6. Trans-Siberian Railway (modified to match new Soviet territories)
The Trans-Siberian Railway ran across the continent of Asia, providing the Soviet Union with unmatched mobility across this vast and rugged terrain.
In the non-combat move phase, your infantry, antiaircraft guns, and artillery may move 2 territories per turn only among these territories: Russia, Novosibirsk, Evenki National Okrug, Yakut S.S.R., Stanovoj Chrebet and Buryatia S.S.R.
German National Advantages
1. U-Boat Interdiction
The Battle of the Atlantic wrecked havoc on allied shipping during the early stages of the war, making logistics a nightmare for the U.S. and U.K.
During the collect income phase of the U.K. and U.S. turns, subtract 1 IPC from the collecting power’s income for each of your submarines on the game board.
2. Atlantic Wall
Stretching from Spain to Denmark and even to Norway the German Military made use of extensive defensive fortifications to keep the western allies off the continent.
During any amphibious assault from the sea zones 3, 6 and or 7, your Infantry defend on a ‘3’ during the first round of combat.
3. Panzer Blitz
The Panzer corps was one of the most feared forces of the war, primarily for its mobility and efficiency.
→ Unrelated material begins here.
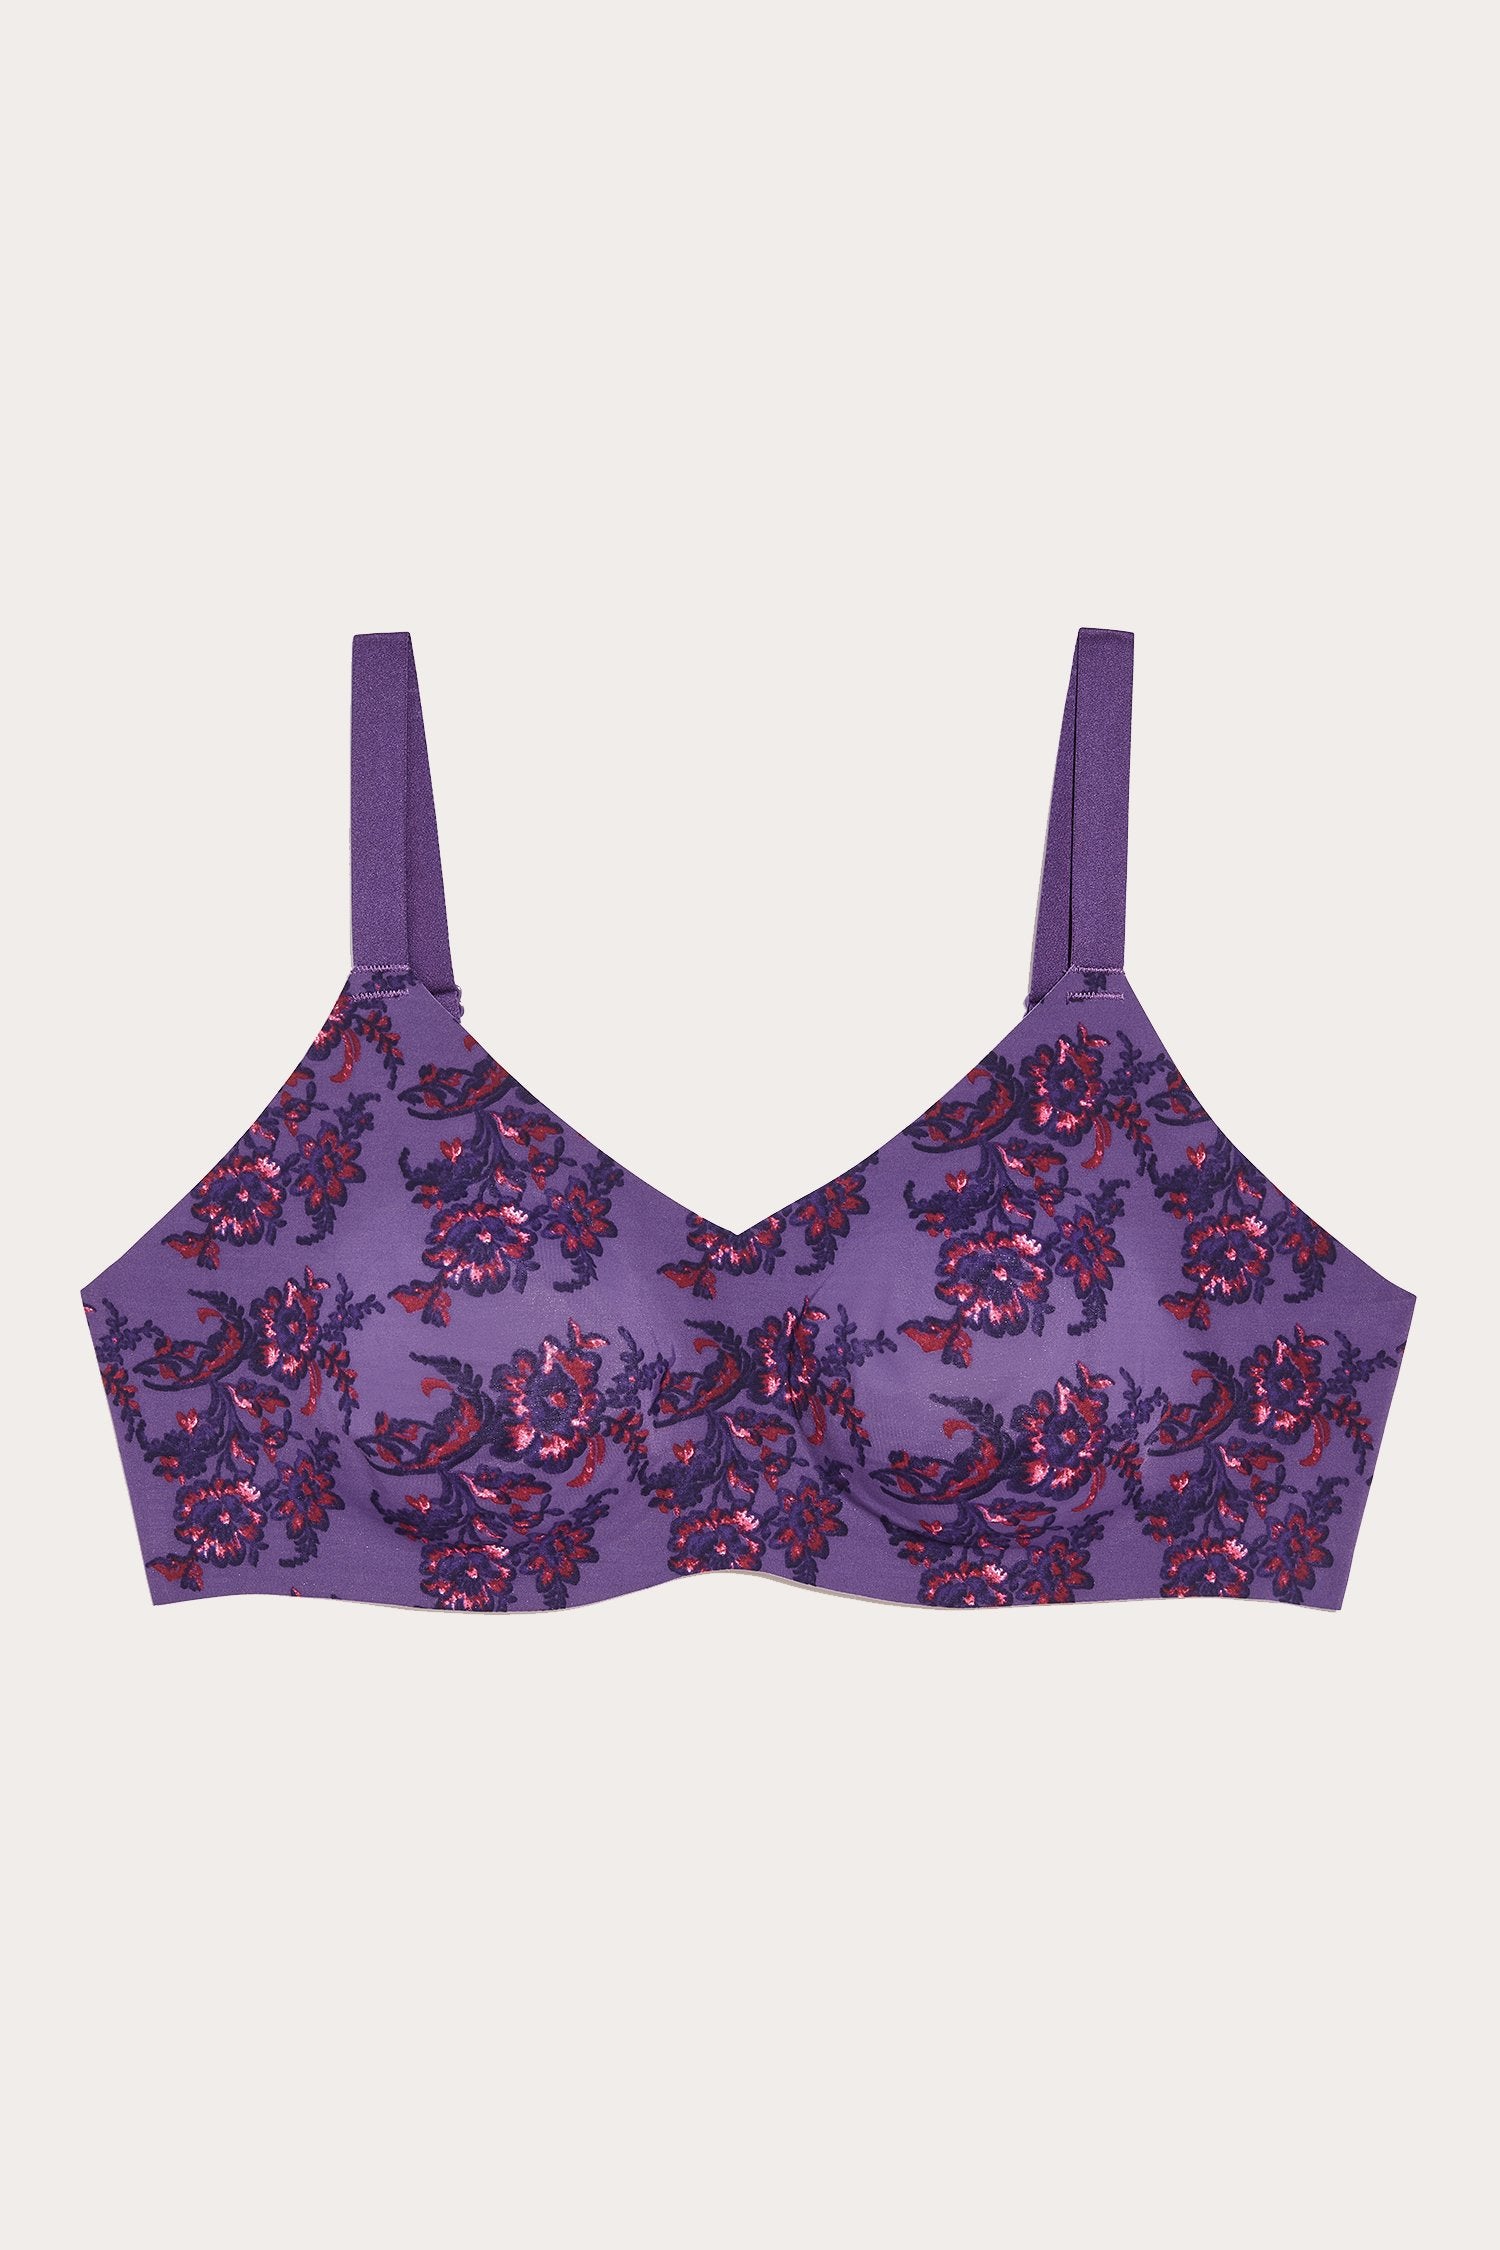 Anna Sui x Knix Autumn Evenings Luxe V-Neck Padded Bra - Anna Sui

If your attacking forces destroy all defending units in a territory in one cycle of combat; or, if no combat was necessary, any of your surviving tanks in the attacking forces may move 1 territory during the non-combat move phase.
4. Wolf Packs
German U-Boats were trained to hunt in packs, and did so with shocking regularity throughout the Atlantic.
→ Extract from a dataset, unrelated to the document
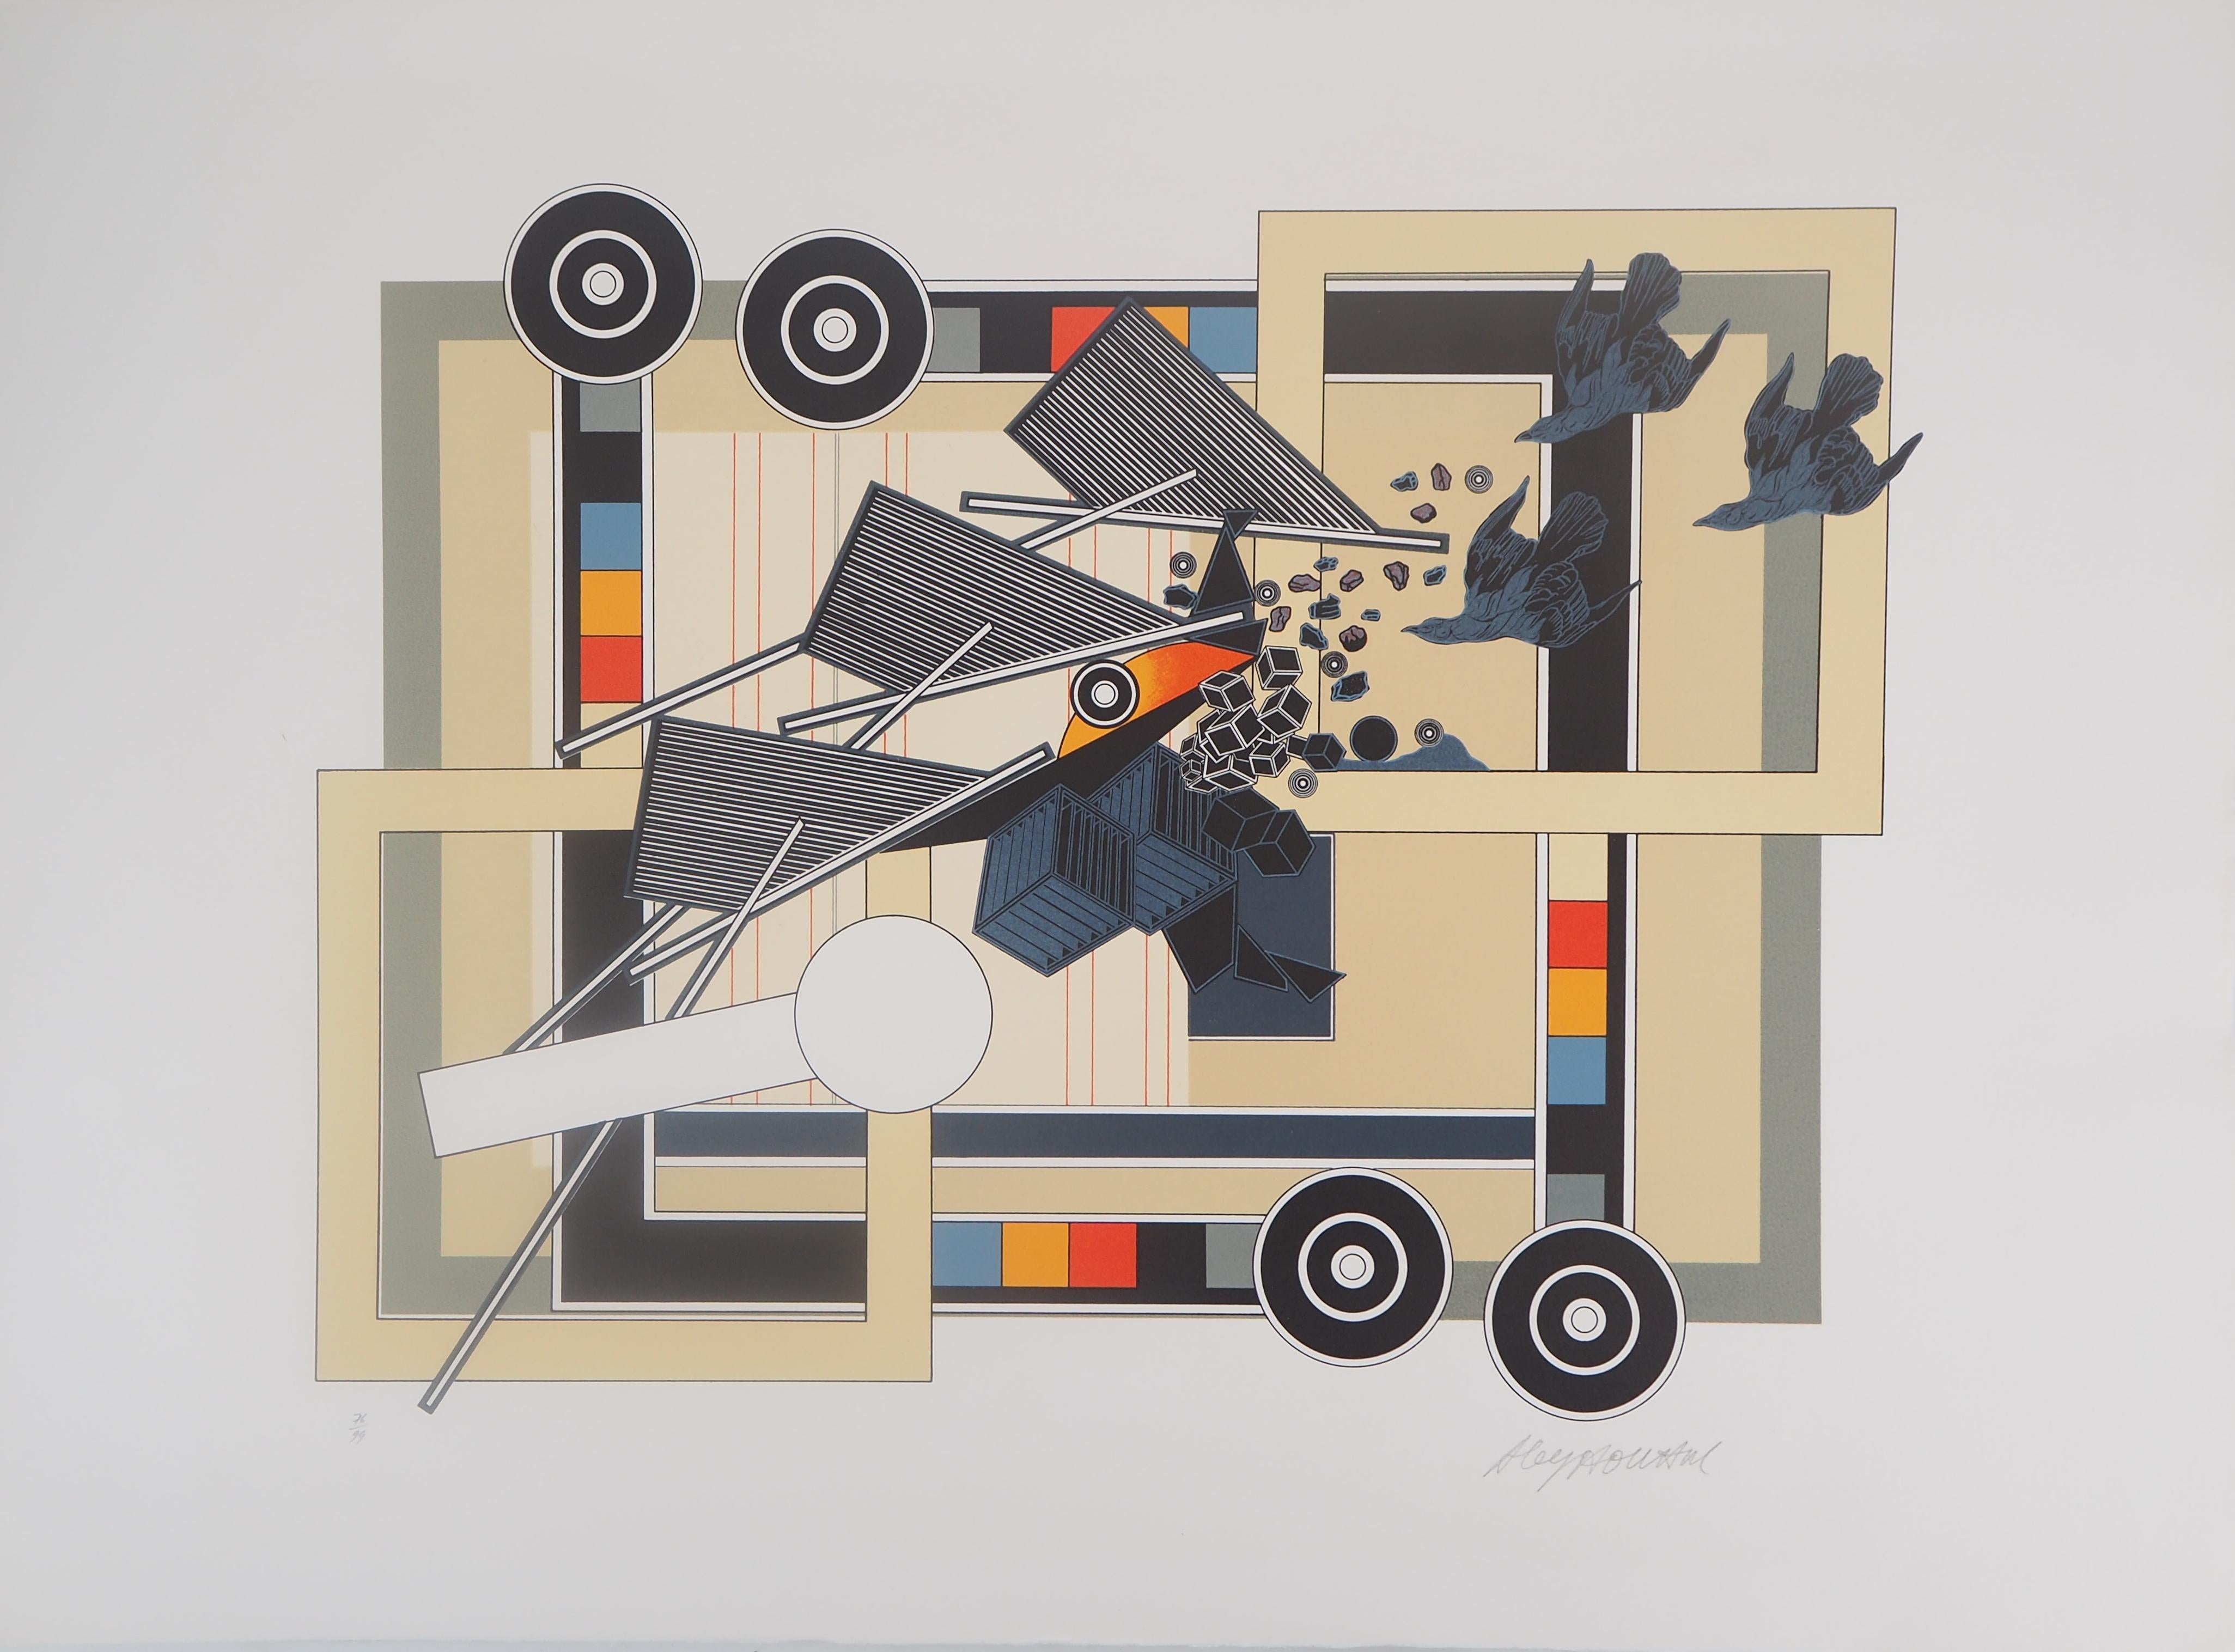 Alain Le Yaouanc Abstract Print - Tandem : Cinetic Compositon with Birds - Handsigned Original Lithograph

If an attack consists of at least two German submarines the anti-submarine abilities of any allied destroyers present are ignored on the first round of combat.
5. Luftwaffe Dive-Bomber
The dive-bombers of the Luftwaffe were rightfully feared on both fronts; these aces were deadly accurate, provided they had air superiority.
When no enemy fighters are present in a combat, German Fighters attack on a ‘4’ on the first round. (‘5’ with Jet Fighters)
6. German Scientists
Germany prided itself on being the most technologically advanced army at the start of the war. It was in their interest to see this trend continue into the latter stages of the war.
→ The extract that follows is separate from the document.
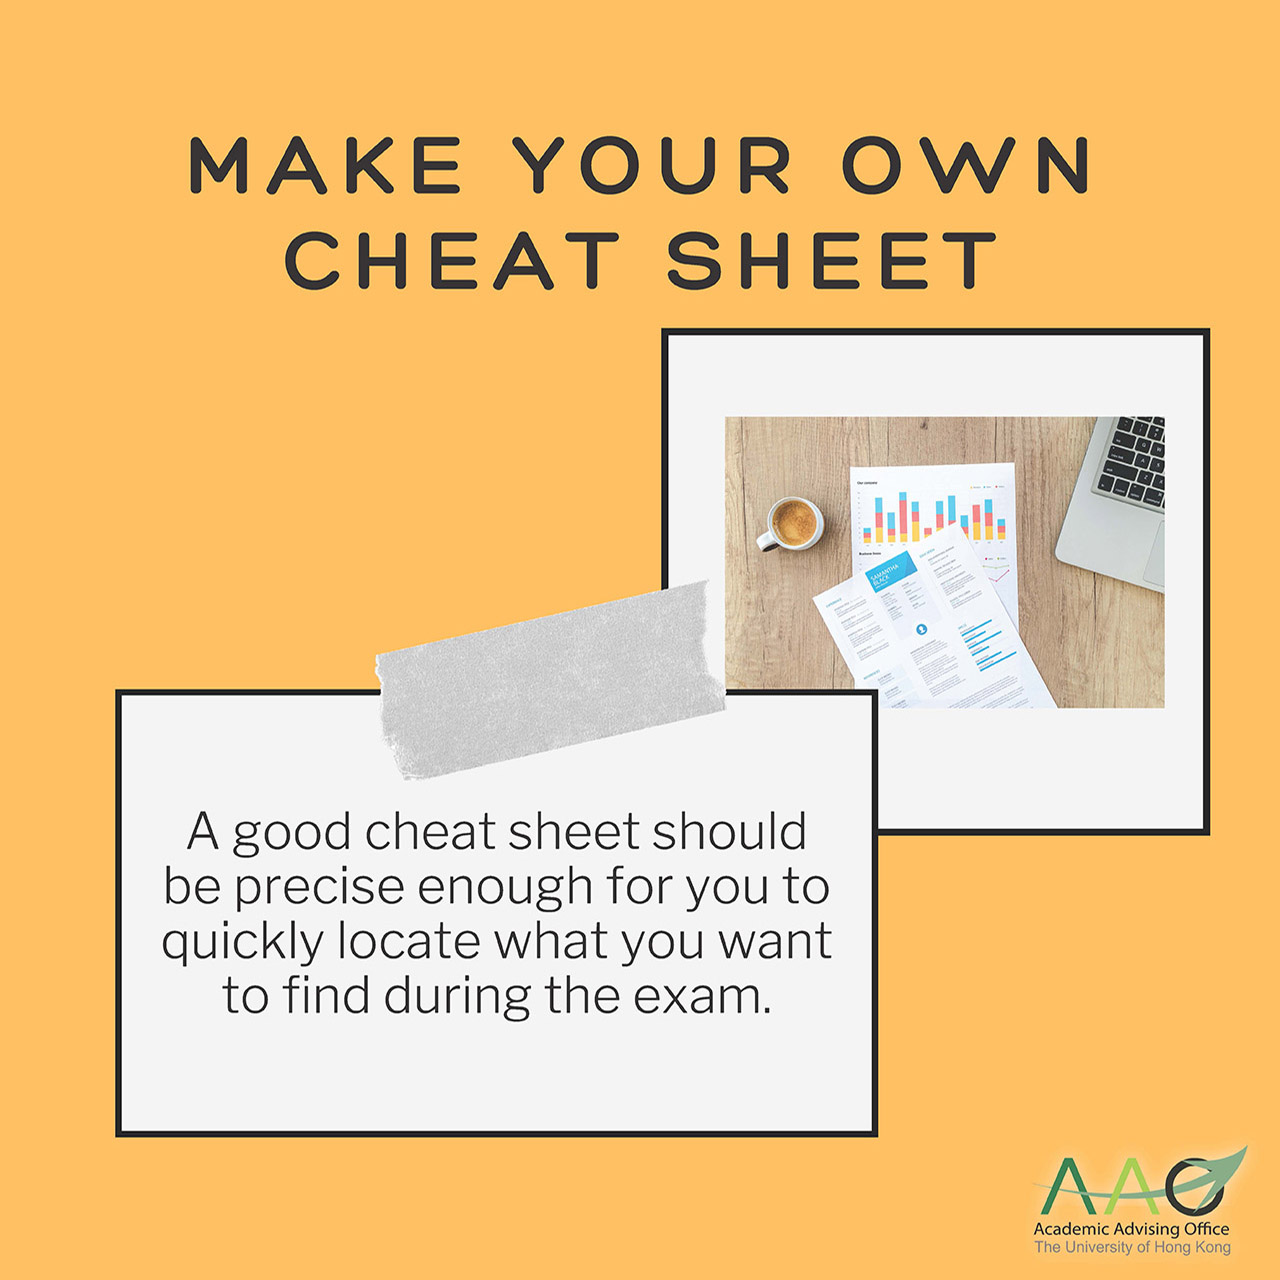 Make your own cheat sheet. A good cheat sheet should be precise enough for you to quickly locate what you want to find during the exam.

Your research dice cost 4 IPCs instead of 5.
British National Advantages
1. Night Bombing Raids
Due to their inability to provide fighter cover for their bombers the British used the darkness to their advantage, though this proved detrimental to their accuracy.
British bombers may choose to conduct a night bombing raid. The strategic bombing run may not be subjected to the “interceptors” rule but may still be targeted by AA guns as normal. In addition, strategic bombing raids conducted in this way suffer from a -1 penalty to the die roll. (This may result in a roll of ‘0’)
2. Joint Strike
The most powerful strike of the war was in the joint allied assault on Normandy. The planning required to launch this simultaneous invasion has never been equaled.
Once during the game at the start of a British turn, you may declare a joint strike. That round, you complete your turn as normal, except you must skip your combat move, and conduct combat phase. You may conduct non-combat moves as normal. On those phases of the U.S. turn, the U.S. Player uses your units in his or her combat move, and conduct combat phases, together with his own units. You and the U.S. player must agree on attacking casualties and on who takes possession of any captured territories, or the opposing player gets to choose. Antiaircraft fire is rolled separately against each nationality of air units; all anti-U.K. dice are rolled before any anti-U.S. die is rolled. A joint strike may not be called off once it is declared.
3. Enigma Decoded
The cracking of the German ‘Enigma Code’ by the British offered the allies an ace up their sleeve that could turn the tide in a key battle; however Germany would likely change its codes shortly thereafter.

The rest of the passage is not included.